By John T. Bennett - 01/20/11 08:10 PM EST
Defense Secretary Robert Gates needs to leave his successor with a game plan for keeping the Pentagon on the path to a leaner budget, a Pentagon advisory board says.
Gates last year launched an internal DoD cost-cutting drive, an effort that has unearthed $150 billion in savings so far.
But since Gates began the efficiencies drive, allies and critics asked the same question: Even if it works, what happens after Gates leaves the Pentagon?
With the nation facing a dire financial outlook, the influential Defense Business Board approved on Thursday a report with a few suggestions.
“The ‘Houston, we have a problem’ moment is upon us,” said board member Fernando Amandi, adding the Pentagon is headed for an era of “constrained resources.”
That means, as senior defense officials are stressing, the DoD will need to wring out savings annually from within and transfer those monies to projects like next-generation vehicles, aircraft and ships, board members said during a meeting at the Pentagon.
The board will recommend to Gates that he leave for the next defense secretary a “governance process … around every transformation initiative taking place or scheduled,” states the report, approved unanimously.
Without such a process waiting for the next Pentagon leadership group, “we won’t be able to build on the efficiencies initiative,” said Amandi, who led the group that crafted the DBB report.
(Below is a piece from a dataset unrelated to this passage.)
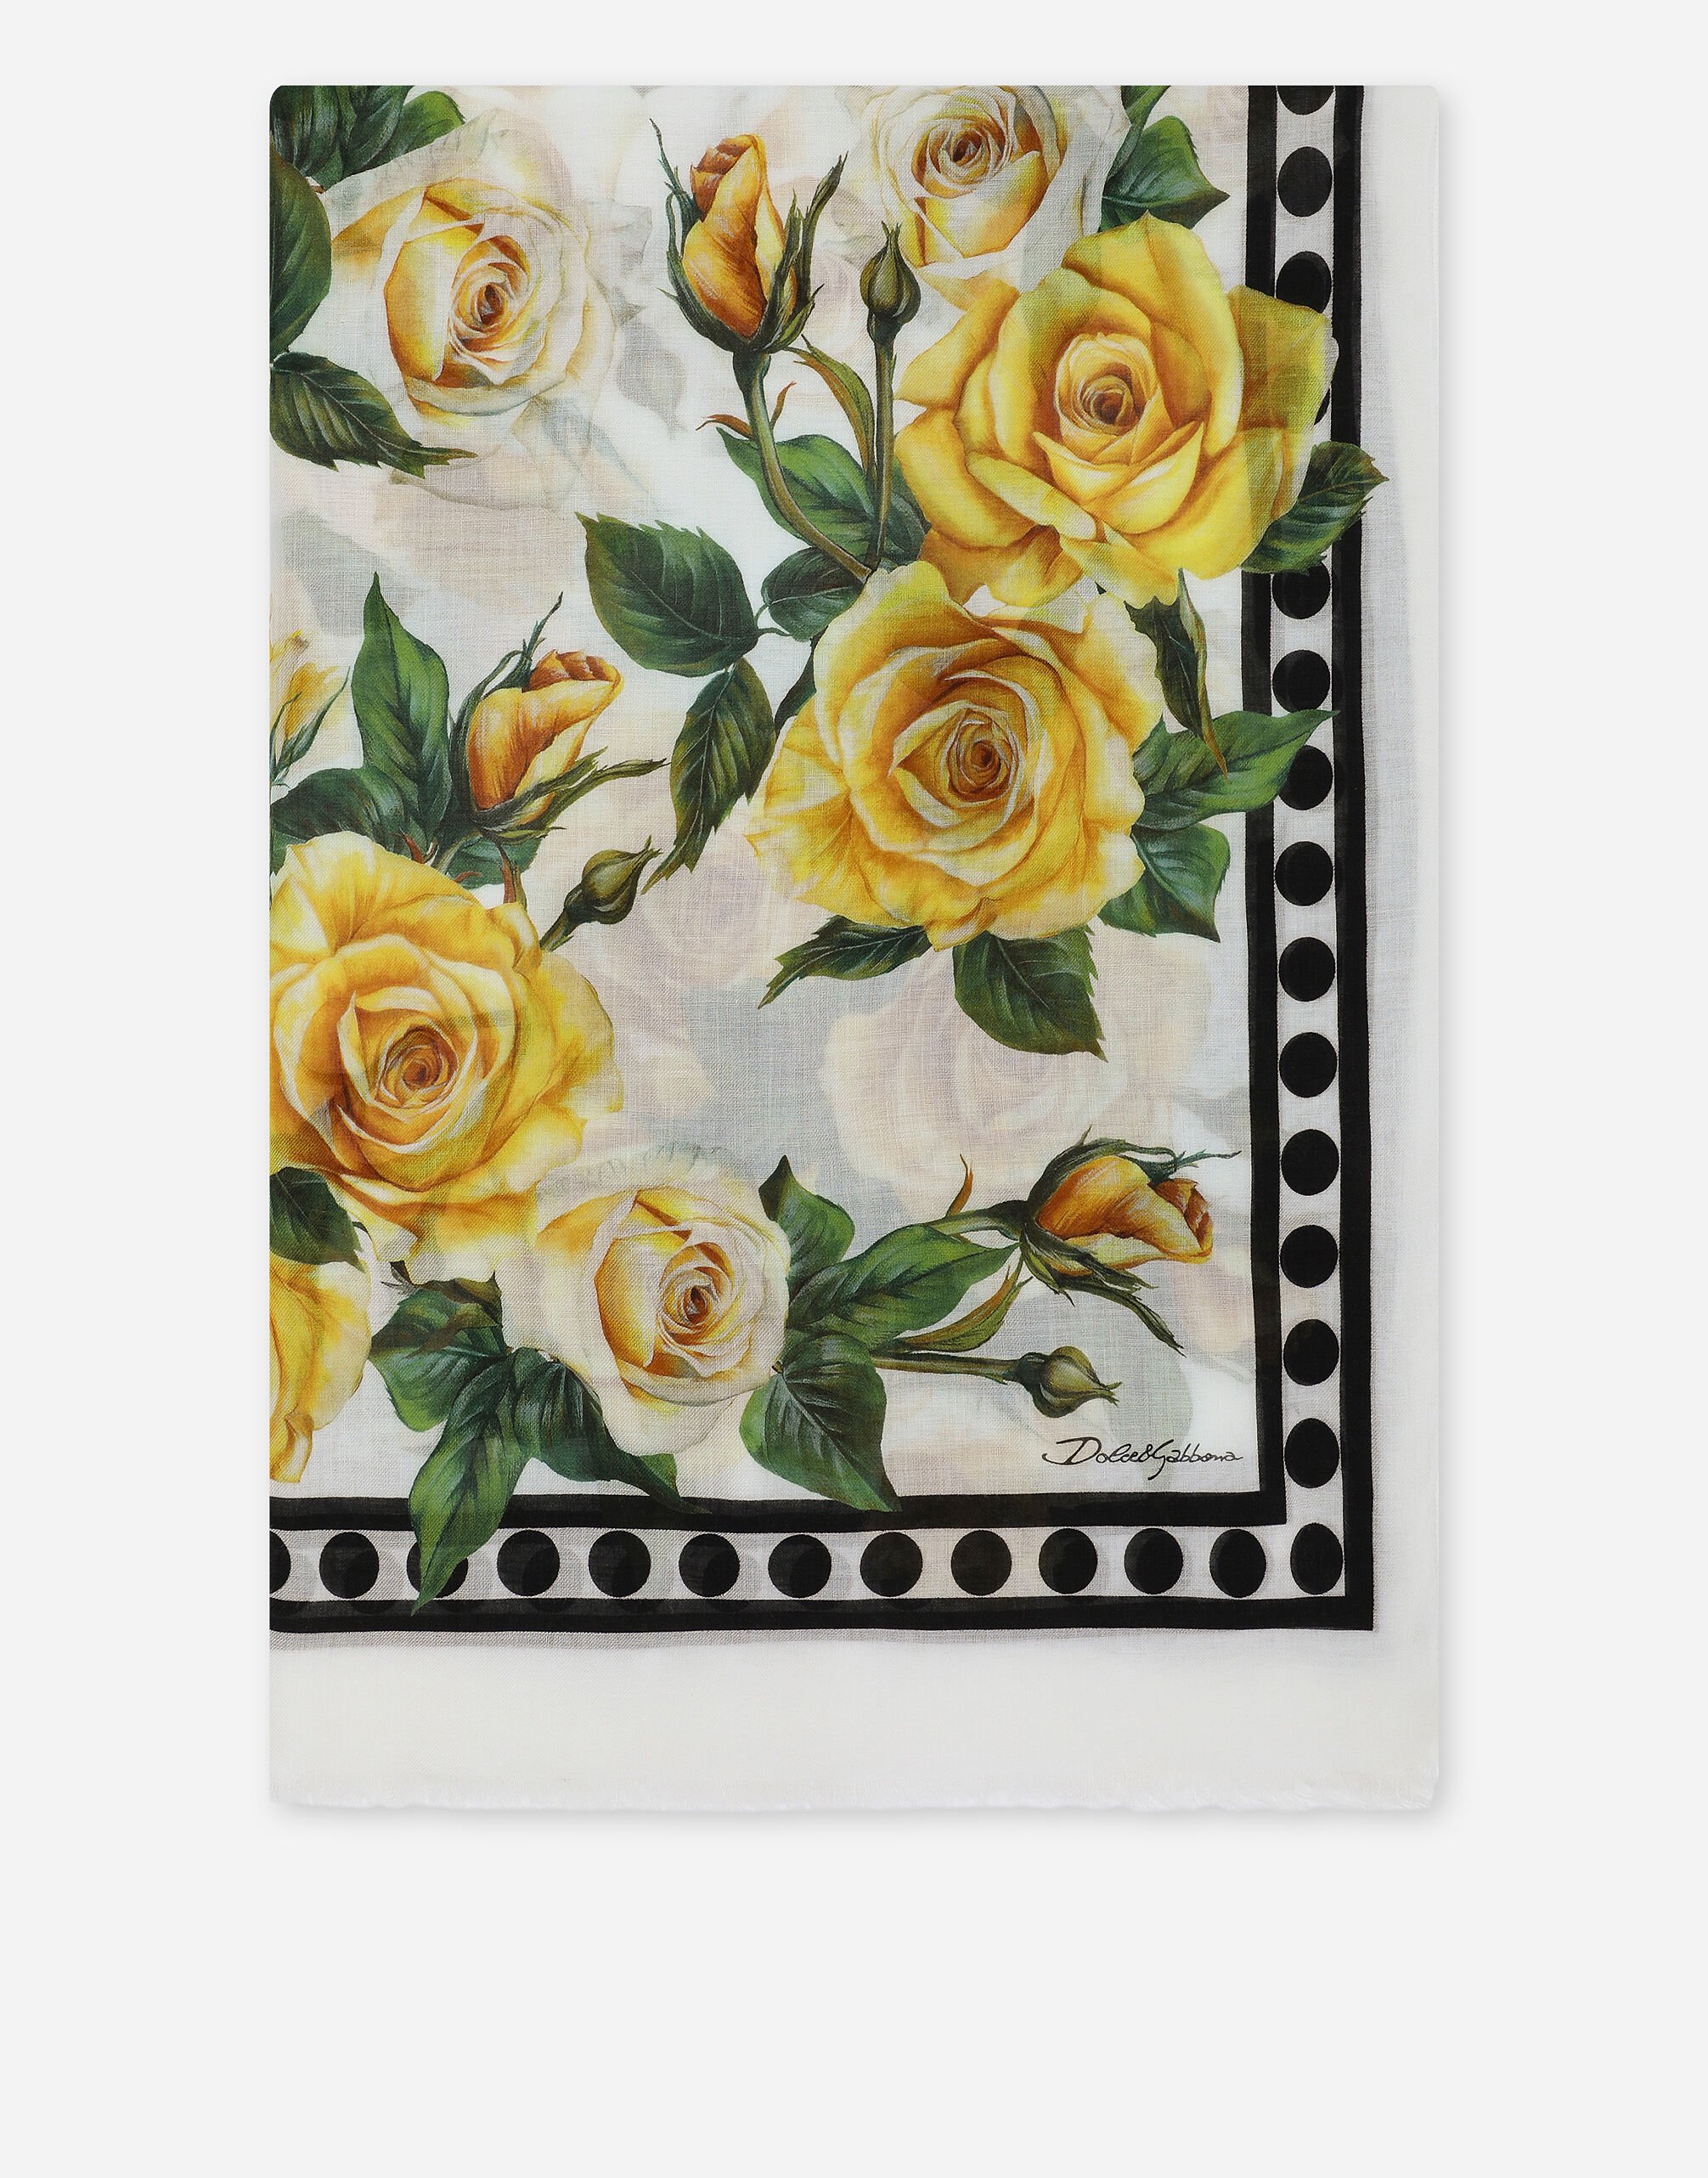 Dolce & Gabbana Modal and cashmere scarf with yellow rose print Print FN093RGDCLA

He also has been a senior executive with corporations such as American Express and Motorola.
“A well-led and planned institutional cultural change process is essential to consolidate, build on, and sustain this efficiency objective,” states the report.
The board, which is largely credited with hatching the idea to shutter U.S. Joint Forces Command, also suggests the defense secretary designate a single DoD official to oversee all efforts designed to change how the department does business.
As of now, the deputy defense secretary is the Pentagon’s acting chief management officer. Several board members expressed concern with that arrangement, saying that position has too many other responsibilities. The board recommended that the Pentagon consider making another senior official the chief management officer.
The panel also suggested creating a new program office within DoD to oversee all efforts aimed at altering how it does business.
Such moves would allow the defense secretary and deputy secretary to improve their personal relationships with Congress and industry, as well as other federal agencies, according to the board.
Meanwhile, the DBB also announced it will restart a study into whether the military could reap savings if it started hedging fuel purchases.
Large companies like airlines do this by entering into long-term fuel contracts, assuming future fuel prices will be higher.
The business board tried this before in recent years, but that effort “was a failure,” declared DBB member Denis Bovin, who also is an executive with an investment banking firm.
That extinguished study was halted, Bovin said, because other federal agencies loudly objected to even exploring the idea. He said the White House Office of Management told the board “there’s no need to hedge fuel prices because the U.S. government owns huge stocks.”
But now that there is evidence hedging would have produced savings, Bovin said a DBB study team will examine the idea again.
The U.S. military is the federal government’s largest fuel consumer. Business board members said the Pentagon buys about as much jet fuel each year as a major airline.